Targetkan Kembali Raih WTP, Pemkab Rejang Lebong Perkuat Perbaikan Laporan Keuangan
WARTAMEDIA.ID – Pemerintah Kabupaten (Pemkab) Rejang Lebong mengikuti Zoom Meeting rapat asistensi dan koordinasi bersama Kementerian Dalam Negeri (Kemendagri) dalam rangka meningkatkan kualitas pengelolaan dan pelaporan keuangan daerah.
Kegiatan tersebut berlangsung di Ruang Rapat BPKD Rejang Lebong, Rabu 9 September 2026. Zoom meeting dipimpin langsung Sekretaris Daerah (Sekda) Rejang Lebong, Iwan Sumantri, SE., MM., didampingi Inspektur Rejang Lebong Erik Rosadi, S.STP., M.Si., Kepala BPKD Rejang Lebong Dicky Iswandi, ST., serta sejumlah perwakilan Organisasi Perangkat Daerah (OPD).
Inspektur Rejang Lebong Erik Rosadi menjelaskan, asistensi bersama Kemendagri tersebut difokuskan pada upaya memperbaiki kualitas Laporan Keuangan Pemerintah Daerah (LKPD), khususnya untuk tahun anggaran 2025.
Menurutnya, Pemkab Rejang Lebong pada 2025 memperoleh opini Wajar Dengan Pengecualian (WDP) dari Badan Pemeriksa Keuangan (BPK), setelah pada tahun-tahun sebelumnya berhasil memperoleh opini Wajar Tanpa Pengecualian (WTP).
“Fokus kita adalah menindaklanjuti catatan dan temuan pemeriksaan BPK agar segera diselesaikan dan tidak kembali menjadi temuan berulang pada 2026,” ujar Erik.

Ia menyebutkan, salah satu perhatian utama dalam tindak lanjut tersebut adalah sektor pengadaan barang dan jasa.

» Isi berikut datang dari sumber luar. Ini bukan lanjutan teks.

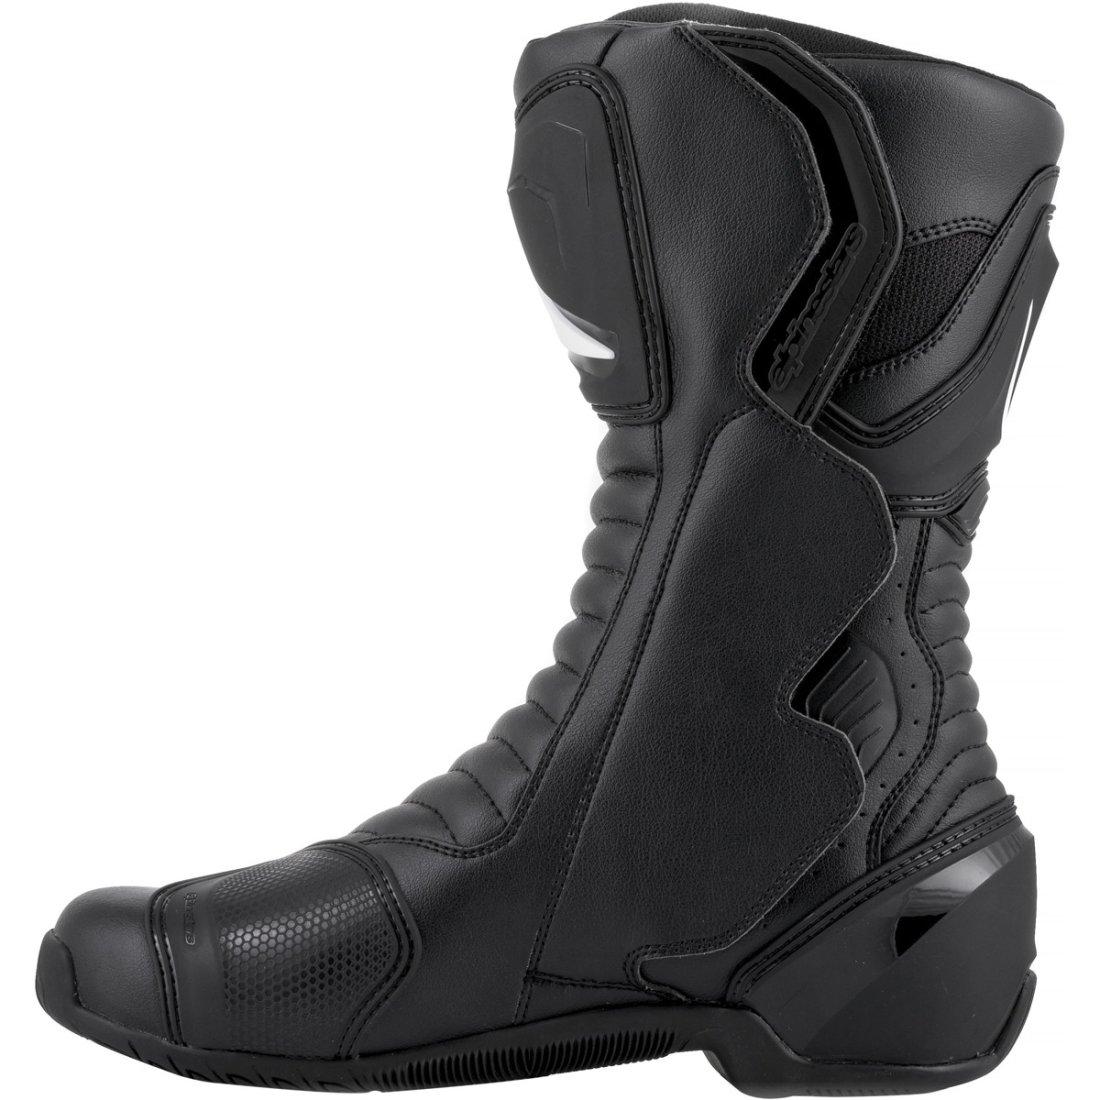 ALPINESTARS SMX-6 V2 Gore-Tex Black Boots · Motocard a1b6bca0a38
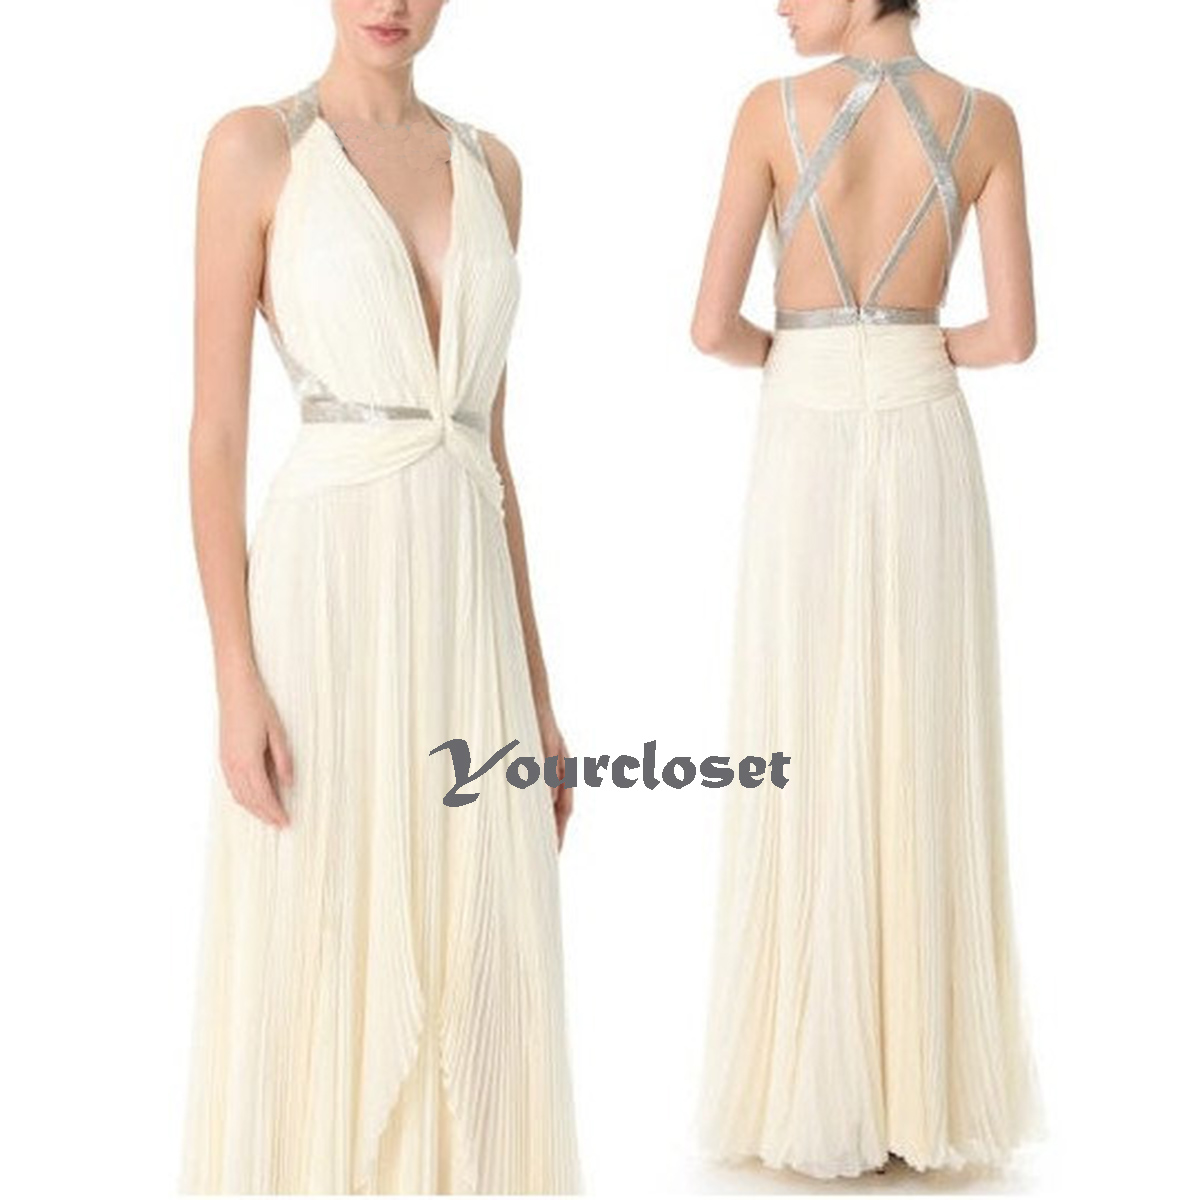 Woodfield Prom Dresses Plus Size Prom Dresses

Dalam pemeriksaan sebelumnya, ditemukan sejumlah persoalan, termasuk kekurangan volume pekerjaan yang kemudian menjadi bagian dari temuan dan Tuntutan Ganti Rugi (TGR).
Erik menegaskan, Inspektorat Rejang Lebong siap melakukan pendampingan dan pengawasan agar seluruh catatan pemeriksaan dapat ditindaklanjuti dengan baik.
“Inspektorat tentu siap mendampingi dan mengawal. Kita berharap penyusunan LKPD 2026 dapat lebih baik sehingga opini WTP bisa kita peroleh kembali,” katanya.
Melalui asistensi dan pembinaan bersama Kemendagri serta dukungan Pemerintah Provinsi Bengkulu, Pemkab Rejang Lebong optimistis perbaikan pengelolaan keuangan daerah dapat terus dilakukan secara konsisten.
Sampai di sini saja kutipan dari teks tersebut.